Until about three or four years ago, the 18,000-volume library retained much the same function by collecting, preserving and making available materials for people studying American women's history. The collection now includes such diverse materials as a complete set of the Ladies Home Journal, from its first issue, numerous books on etiquette and cooking, and the "Maimie Papers," a series of descriptive letters written by a reformed prostitute about her past.
But until the late '60s and early '70s there were so few researchers interested in the library's resources that the historian Anne Firor Scott could write in her journal as late as 1960, "Women's Archives very welcoming...glad to have somebody using their stuff." But things have changed--the greatest external influence on the library has no doubt been the national women's movement, which has increased curiosity about the history of women and legitimized the study of it. And with the naming of the Schlesinger Library as the official repository of the records of the National Organization of Women and Women's Equity Action League, the Library's administration has committed itself to the continuing documentation of the feminist movement in the present and the future.
The Library has also moved in the past few years from its position as a collector to a sponsor of research. The decision on what kind of project to sponsor, Patricia M. King, director of the Library, says is based on what "researchers seem to be most interested in." There is now, for example, a tremendous interest in working class women, she says. Hence, a project is being supported based on the papers of the Women's Trade Union League.
The Library is at the same time sponsoring oral history projects, backed by foundation grants, to supplement written records on file. While one of these is just winding up--a study on population requiring interviews with people active in the birth control movement, in child and health care, and sex education--a more recent one will concentrate on the history of black women in America. "The rationale for this one is different," King says. "While most of the women will have played a public role, they are not so likely to have written records, or to have reached the same level of prominence. It will serve as a substitute for written records."

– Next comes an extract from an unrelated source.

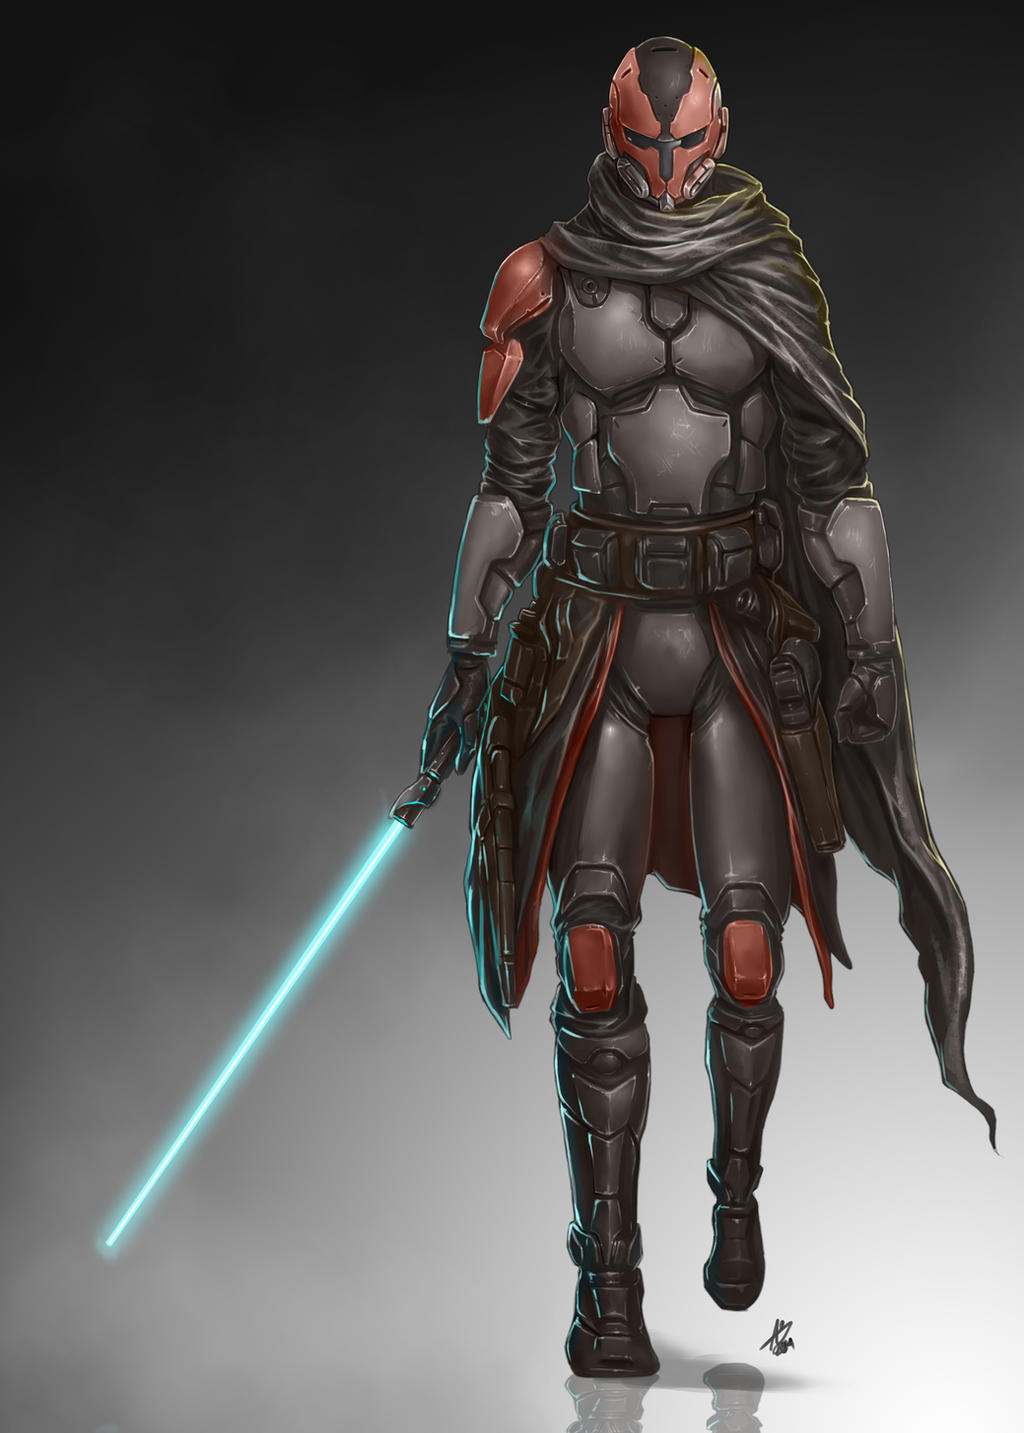 commission__mandalorian_by_aiyeahhs-d88m8gy.jpg

The recently-announced program which King said has already received more than 100 letters suggesting candidates for interviews, will be limited to 40 or 50 extensive oral autobiographies, including family background and sources of motivation, with special attention given to histories of elderly women. Besides community leaders and professional women, the Library has also received suggestions to include ordinary people like hairdressers in the oral history.

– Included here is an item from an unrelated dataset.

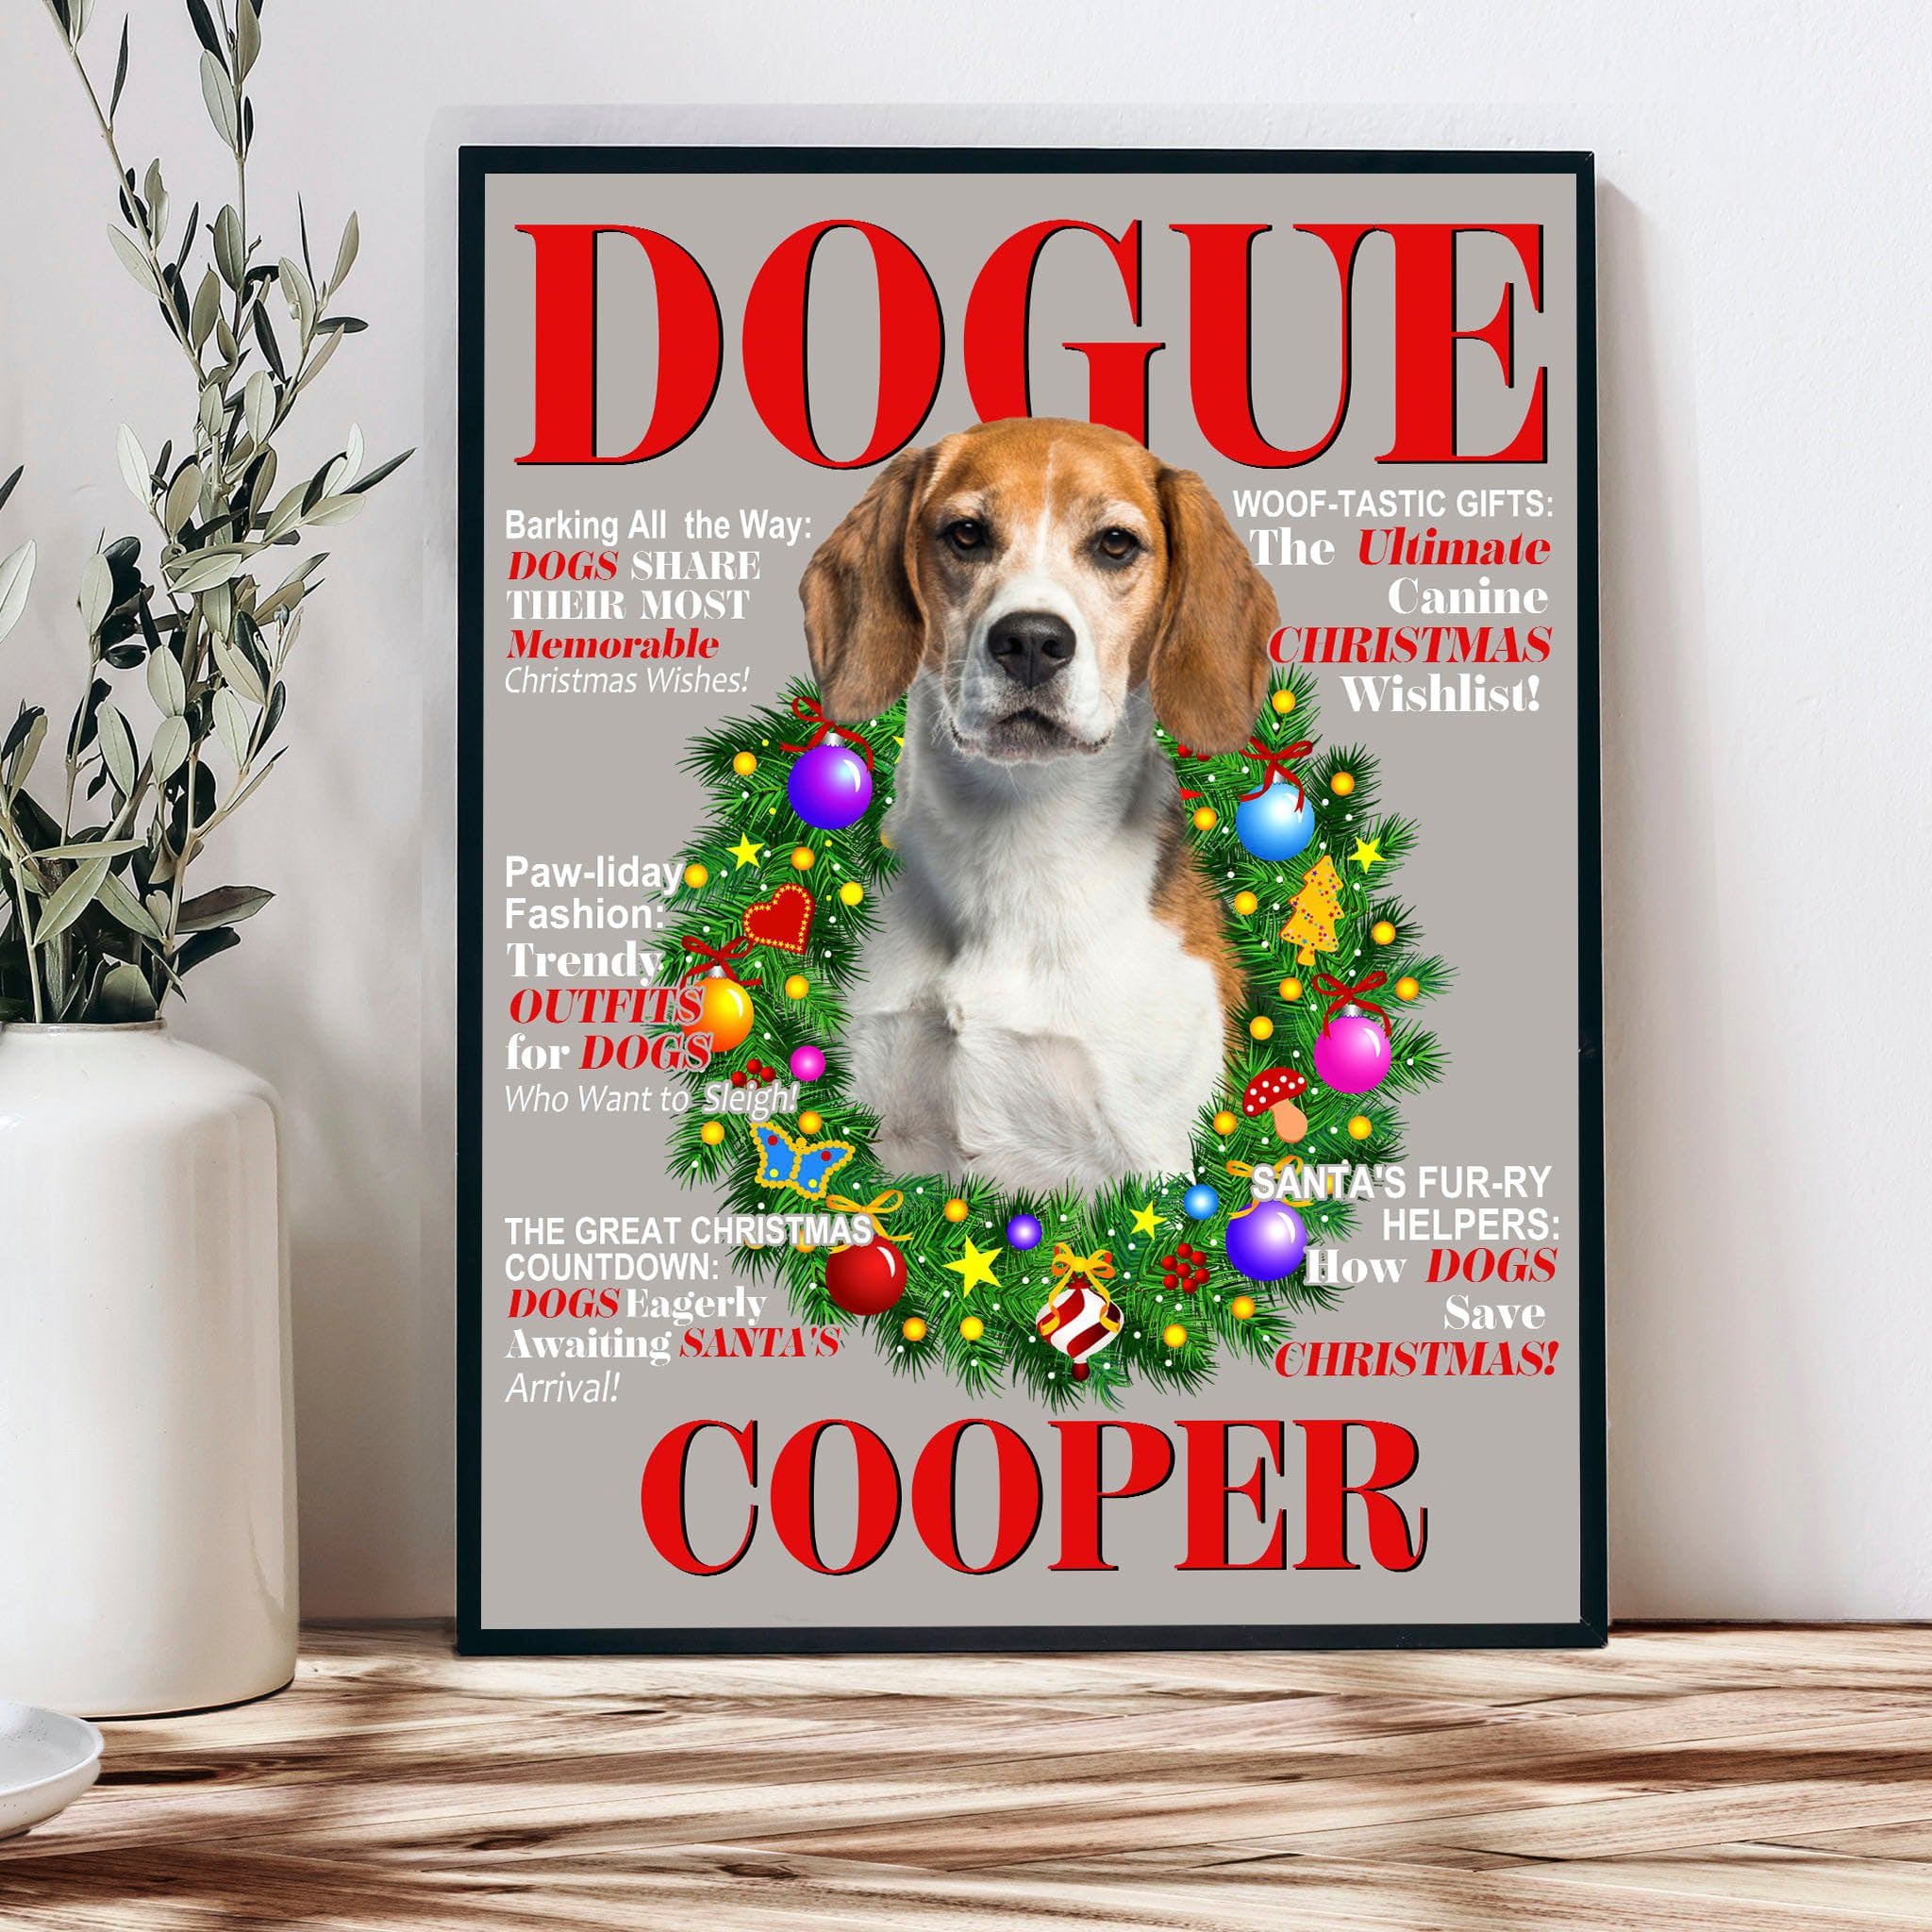 USA MADE Personalized Pet Portrait - Gift For Dog Lovers - Dougue Christmas Magazine - Personalized Pet Poster Canvas Print - Digital Download

As interest in women's studies has grown, so has the presence of men in the Library. King says 10 to 15 per cent of the library's users are now men, utilizing the resources either for women's history in particular or to supplement a more general history. The most requested papers recently have been those of Charlotte Perkins Gilman, a nineteenth century feminist theoretician who believed economic independence to be the foremost need of all women. But perhaps more important, in a study King did recently of the Schlesinger Library's manuscript users, she found four subjects--education and educated women, employment and working class women, feminism and suffrage, and the woman and her body--overwhelmingly sought after at the Institute. She says the figures indicate the Library's current resources as well as the drift of public interest, and that some of the lesser studied subjects, like religion, abolition and immigrant women, may be more popular elsewhere.
In defining the focus of the Library, King does not mention women's history, as one might expect, but instead social history with an emphasis on women. With that broad a focus, and with the already-proven adaptability of the Library, King seems justified in not worrying about the future role of the Library within the community. Even in the unlikely case of a merger of Radcliffe with Harvard, King says she thinks the Library is already well-established enough that it could easily function as part of the Harvard College Library.
The Institute and the Library are today speaking to new needs within the Radcliffe community, Dean Graham says. While in the past the College was intended to provide access to undergraduate education, she says, the needs of women beyond the undergraduate years are now being addressed. While until recently the Institute administered its own budget--it was moved to the jurisdiction of Radcliffe College recently at the request of Harvard--it has always been inextricably tied to Radcliffe, with Graham serving both as dean of the Institute and vice-president of Radcliffe College. But as the influence of Radcliffe as an undergraduate institution has begun to wane, the national prestige and respect accorded the Institute and Library has waxed, perhaps pointing to a continued role for Radcliffe in higher education with or without merger.